Activity. Look through the records below for the line with "Decking Installation การติดตั้งแบบยกระดับพื้น" and the line with "68055ec7af Camisa Nike", then return those lines and all lines between, exactly.

Given records.
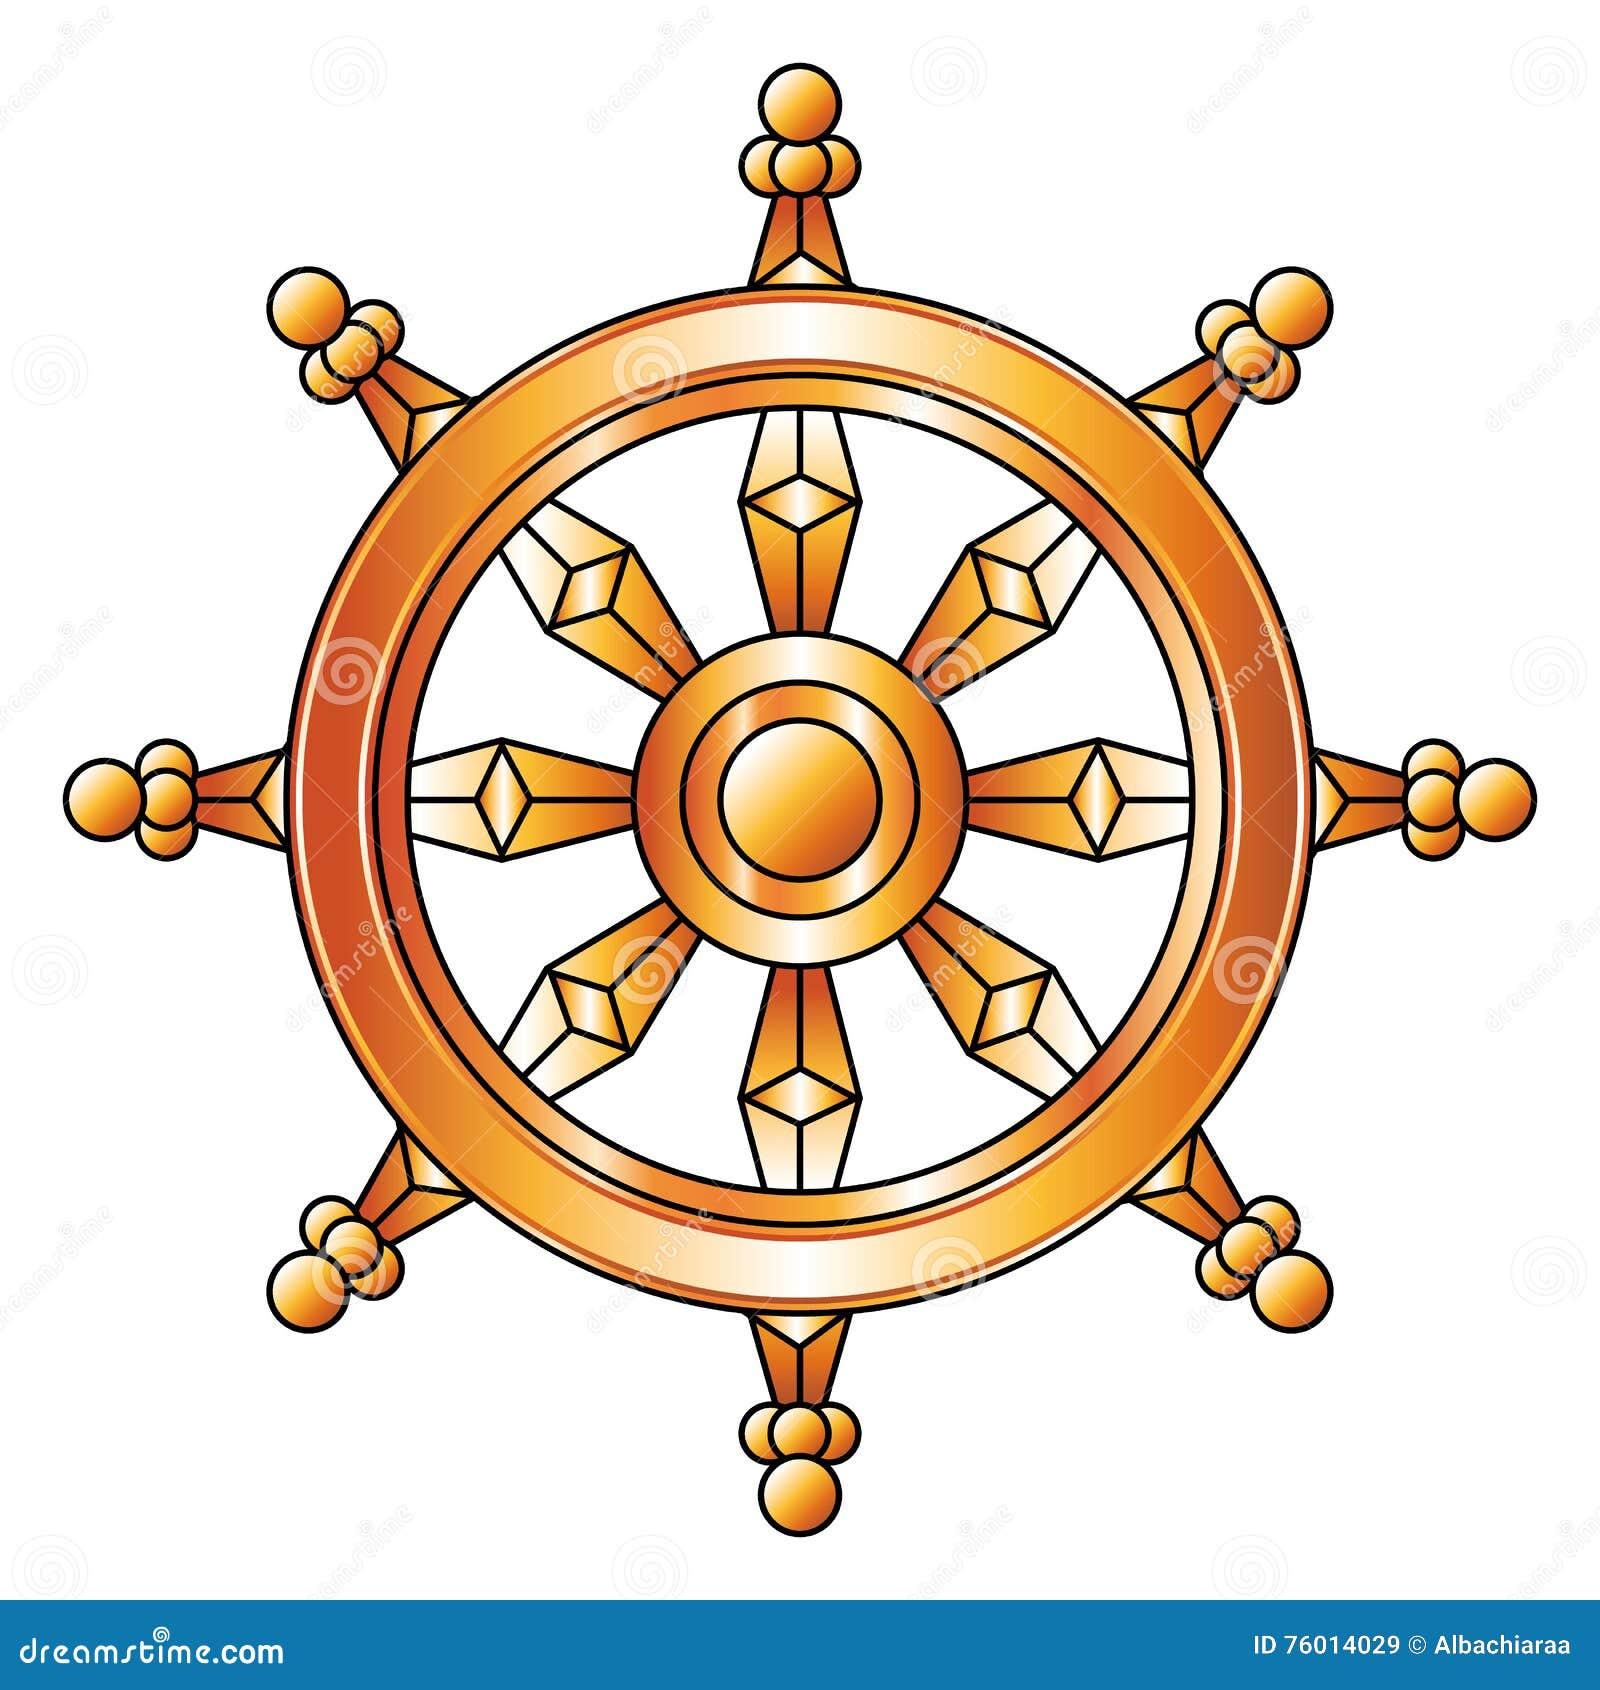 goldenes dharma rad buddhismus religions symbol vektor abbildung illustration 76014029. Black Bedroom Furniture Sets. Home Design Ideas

--

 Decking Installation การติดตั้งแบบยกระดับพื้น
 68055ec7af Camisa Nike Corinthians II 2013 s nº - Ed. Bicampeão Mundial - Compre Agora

Finished exercise.
 Decking Installation การติดตั้งแบบยกระดับพื้น
 68055ec7af Camisa Nike Corinthians II 2013 s nº - Ed. Bicampeão Mundial - Compre Agora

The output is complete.